To the best of our knowledge, this is the first study that evaluated the cost-effectiveness of adding nimotuzumab to standard treatment for stage III-IV EGFR-positive NPC. A key strength of this study was the use of propensity score-matching method to minimize the influence of confounding factors; this allowed for a more robust cost-effectiveness analysis. Moreover, by refining costs and benefits, this analysis provides a comprehensive cost and benefit assessment for clinicians developing treatment plans. However, we acknowledge some limitations in this research. First, as a single-center study, due caution should be exercised while interpreting and extrapolating the results to other populations. Second, due to the small number of cases included in this study, larger studies are required to provide more definitive evidence.

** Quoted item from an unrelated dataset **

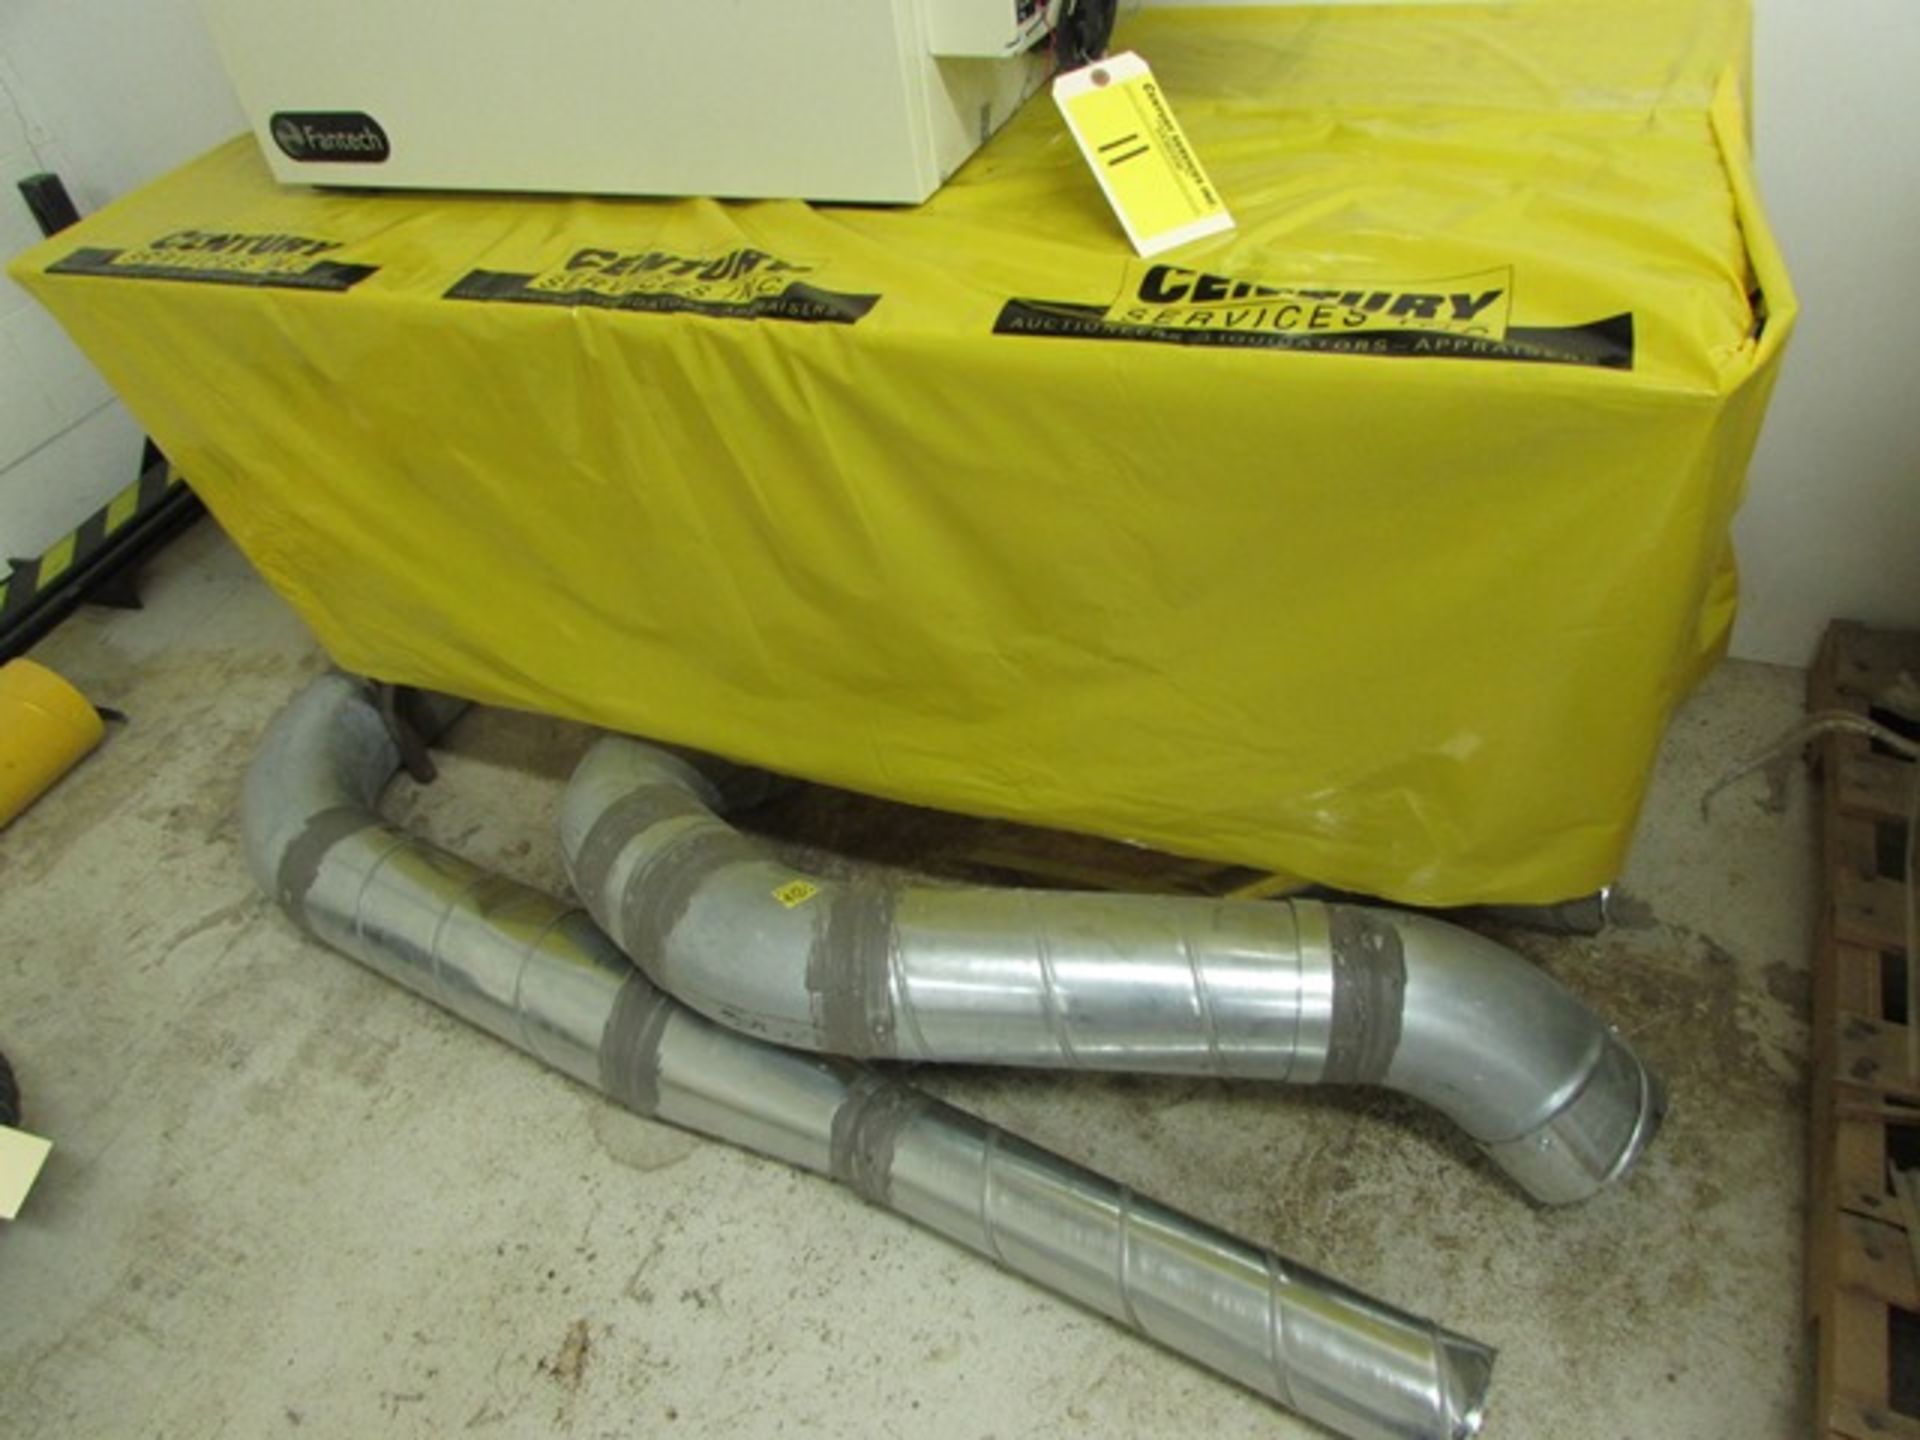 Fantech "SHR-2004" ventilation system c/w 2-sections ducting S/N - 1345 1293D - Image 2 of 3

Addition of nimotuzumab to the current standard treatment for LA-NPC was found to confer significant survival benefits; however, it was not found to be cost effective. Thus, targeted therapy with nimotuzumab should be recommended only for high-risk patients. Clinical trials with sufficiently large patient cohorts are required to confirm the efficacy, feasibility, and cost-effectiveness of nimotuzumab.